2. Wat zijn de trends ten aanzien van de omvang van jeugdcriminaliteit in Nederland?
3. Welke databronnen bieden informatie over criminaliteit en wat zijn de voordelen en
beperkingen van deze bronnen?
Artikel 1: De misdaadcijfers lopen terug. Elffers & Bruinsma, Tijdschrift voor Criminologie
Leerdoel 1: waarom is er de laatste jaren een sterke daling van jeugdcriminaliteit in Nederland?

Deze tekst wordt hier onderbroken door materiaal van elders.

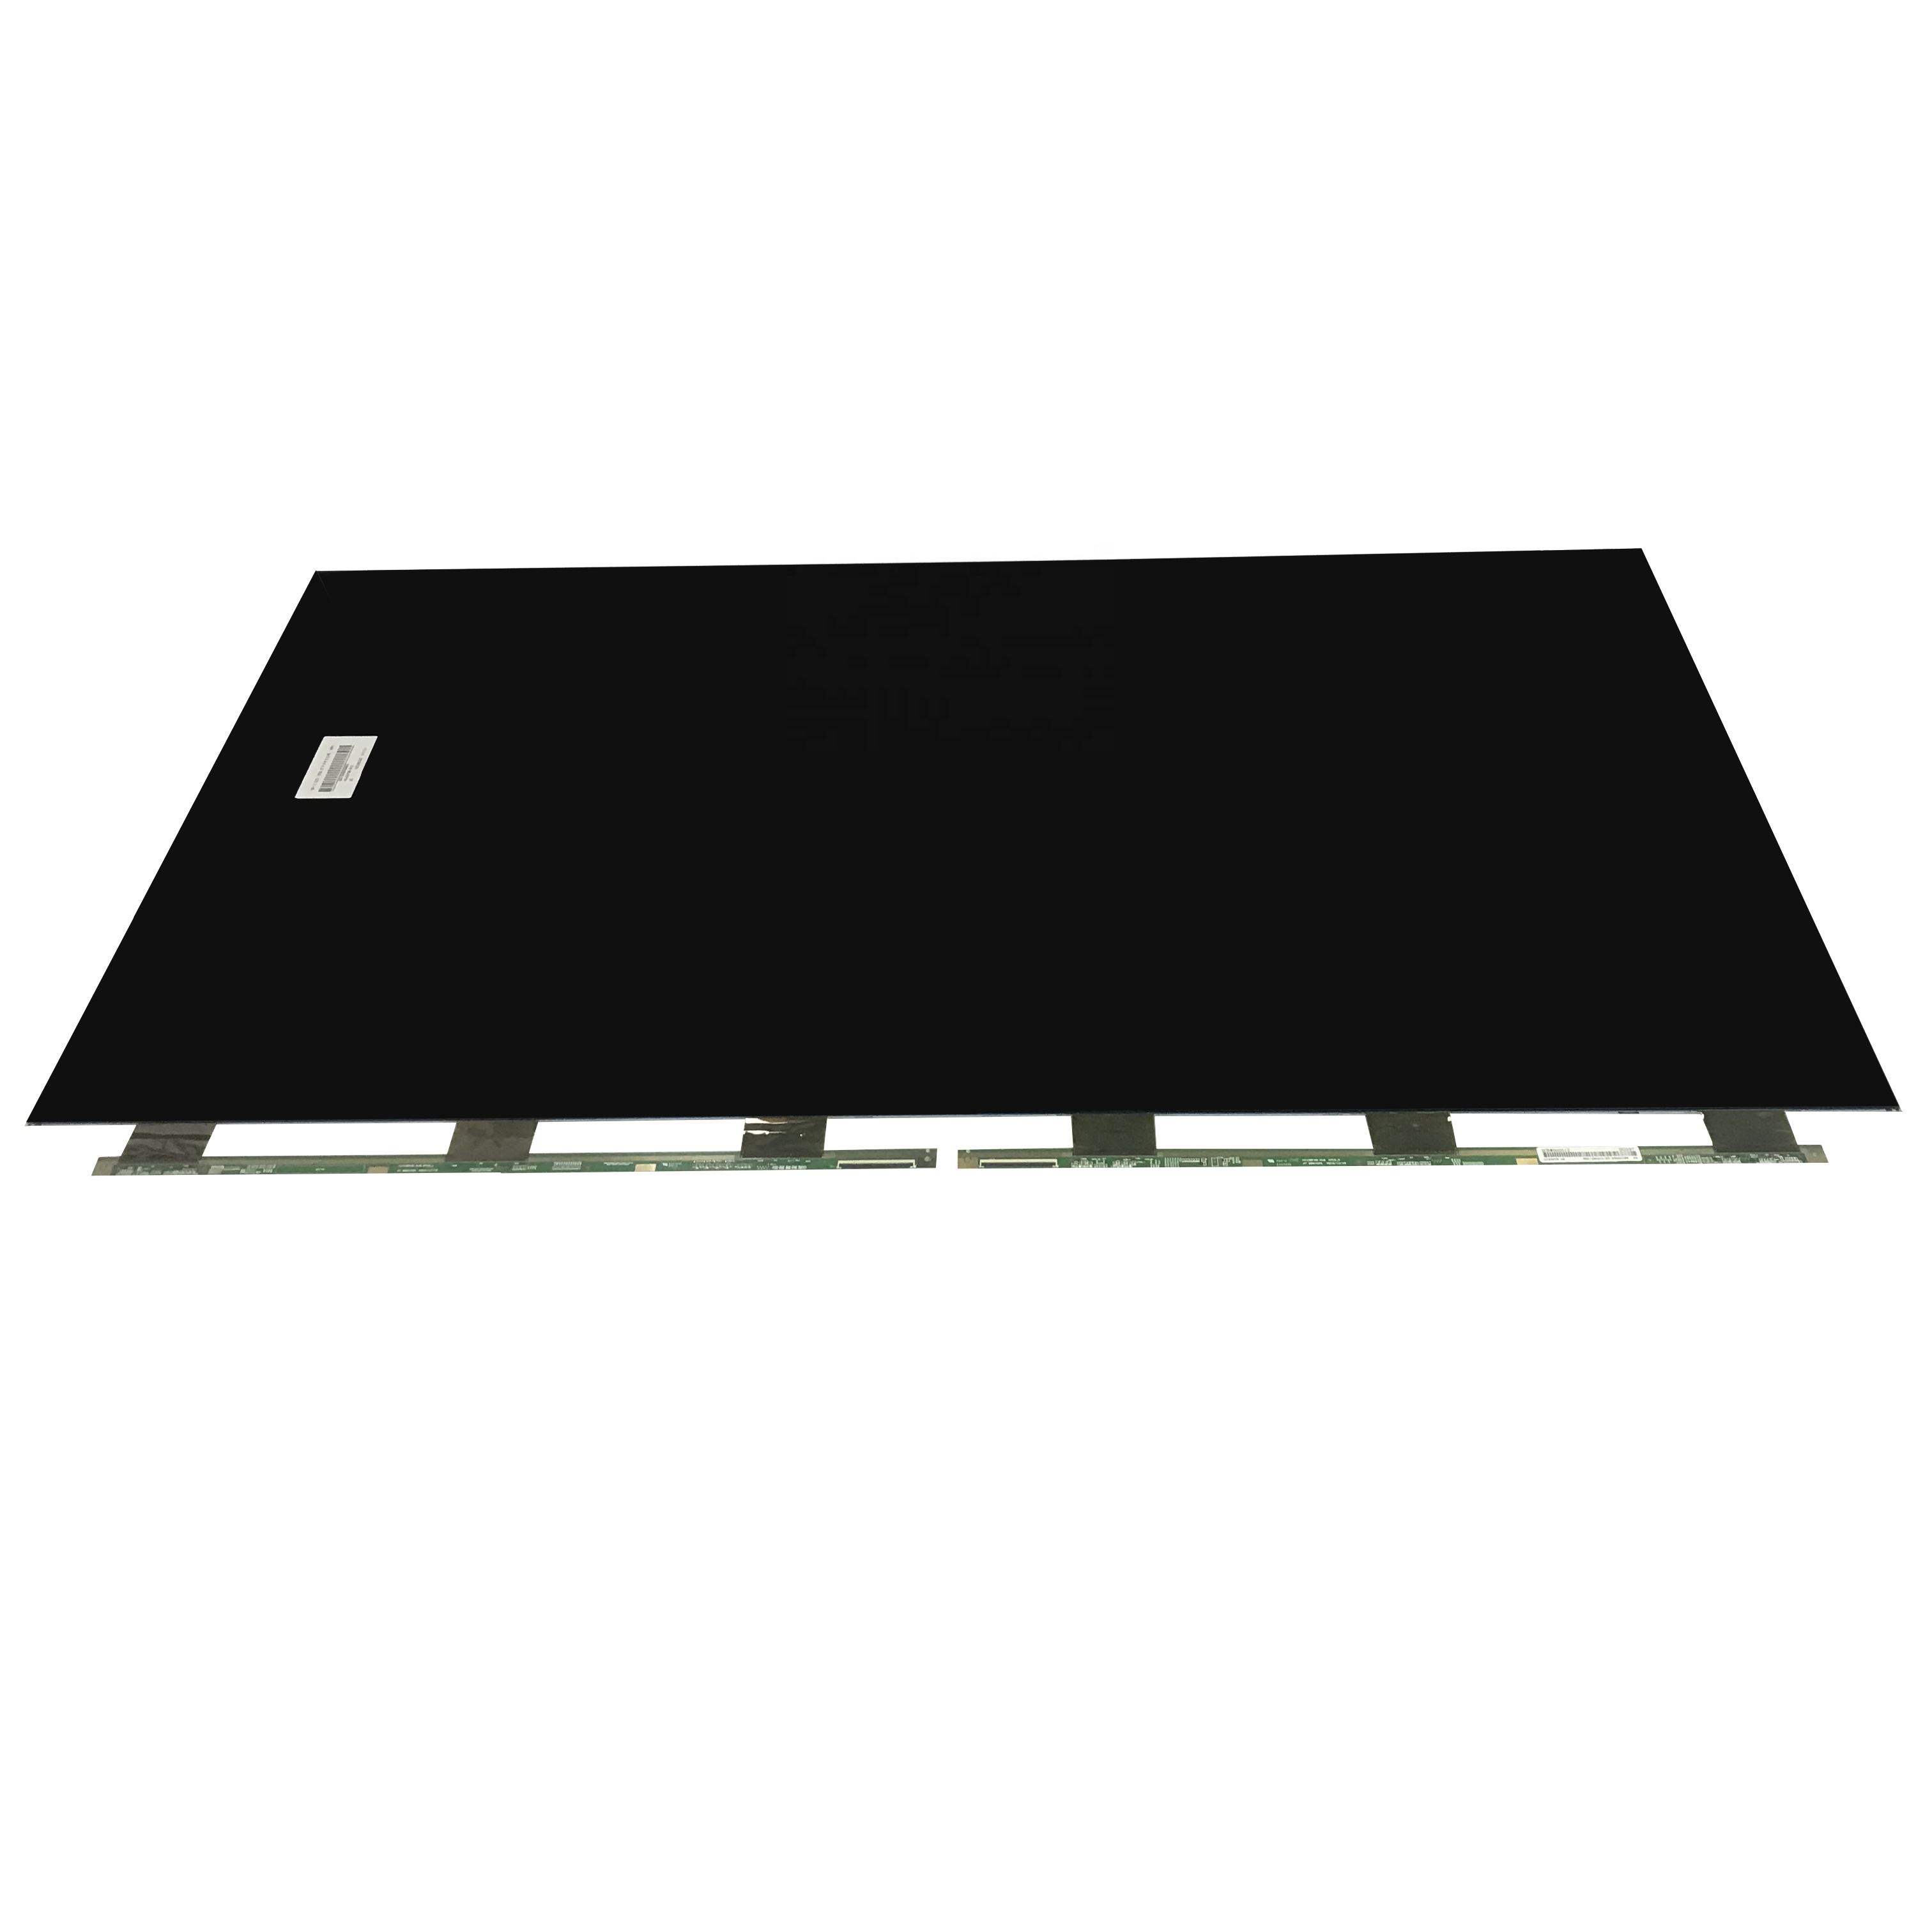 بنك انجلترا 43 بوصة FHD HV430FHB-N40/N4D/N10 جديد TFT/LCD 2 K السائل والزجاج والكريستال 1920*1080 التلفزيون لوحة ، خلية المفتوحة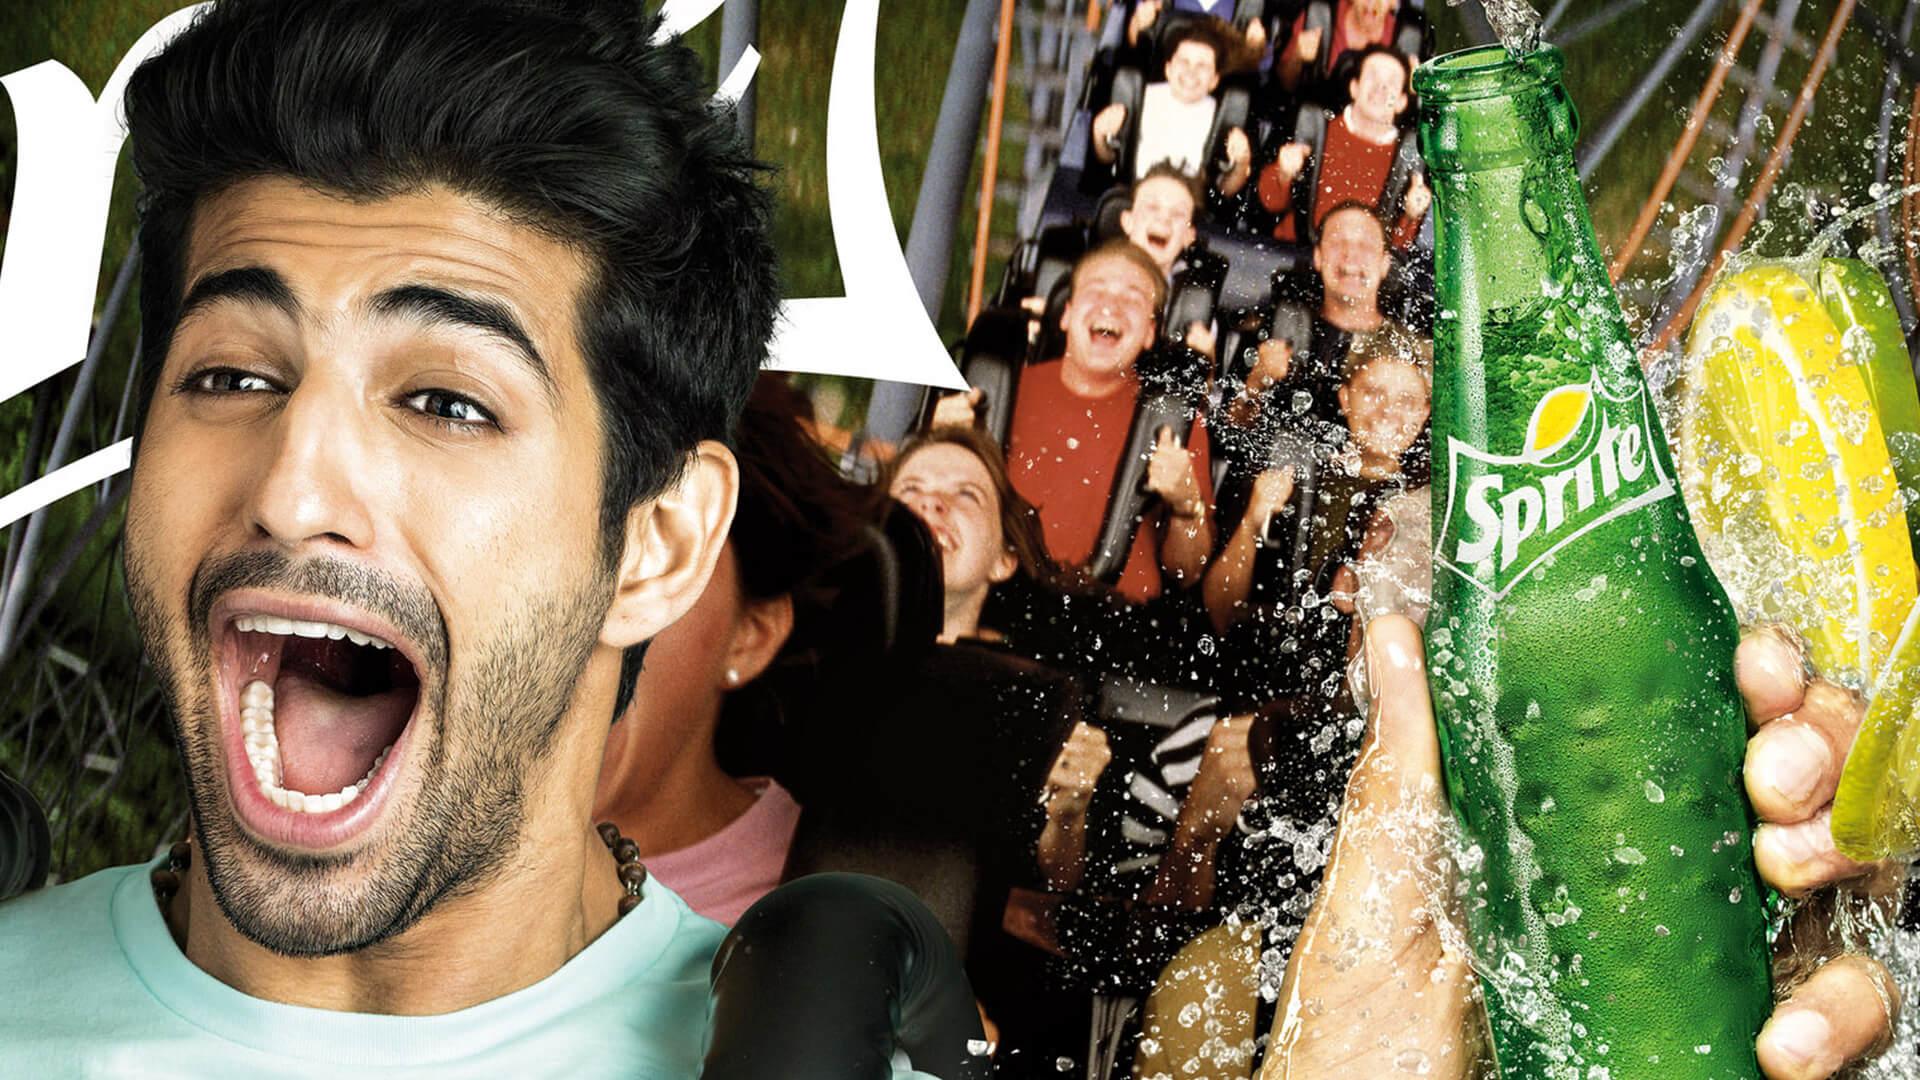 Sprite rollercoaster Advertisment

-Politie: de daling in misdaadcijfers is niet zomaar toe te rekenen aan handelen van de politie. Henk
Elers & Gerben Bruinsma: Door de opzet van een landelijke en interregionale recherche, zijn er ook
veel recherches lokaal weggehaald. Hierdoor worden er meteen al veel minder eenvoudige delicten
geregistreerd. De misdaadcijfers zijn dan ook grotendeels afhankelijk van geregistreerde aangiftes bij
de politie. Volgens Vroegop en Tak heeft extra menskracht bij de politie nauwelijks effect gehad op
de opsporing. Te voorbarig om criminaliteitscijfers meteen toe te rekenen aan de politie, omdat er
zoveel andere invloeden zijn (Bruinsma). Tijdens incidenten heeft de politie ook veel discretionaire
ruimte om iets wel of niet te registreren en om iets wel of niet strafrechtelijk te classificeren. Veel
verschillende manieren om zaken te behandelen.
-Willen-kunnen-durventheorie: de misdaadcijfers zijn gedaald door een vermindering van willen,
kunnen en durven. Door een aantal factoren is het willen, kunnen en durven veranderd, zowel
negatief als positief:
Demografische veranderingen: minder adolescenten> minder willen.
Veranderingen in normenstelsel: barre tijden, mensen sluiten zich aaneen, verhoogde sociale
controle, minder gelegenheid> minder kunnen en durven.
Verslapping van normen en waarden: meer graaiers in de maatschappij, dus een ‘ik ook’-
instelling> meer willers.
Ontwikkeling van nieuwe delicttypen: bijvoorbeeld computercriminaliteit, waarvan bijna
nooit aangifte wordt gedaan.
Van Baal: het effect van een verhoogde afschrikking hangt sterk af van de sociale omgeving van een
potentiële overtreder.
-Afhankelijkheid van recidivisten: hoe minder recidivisten, hoe minder criminaliteit.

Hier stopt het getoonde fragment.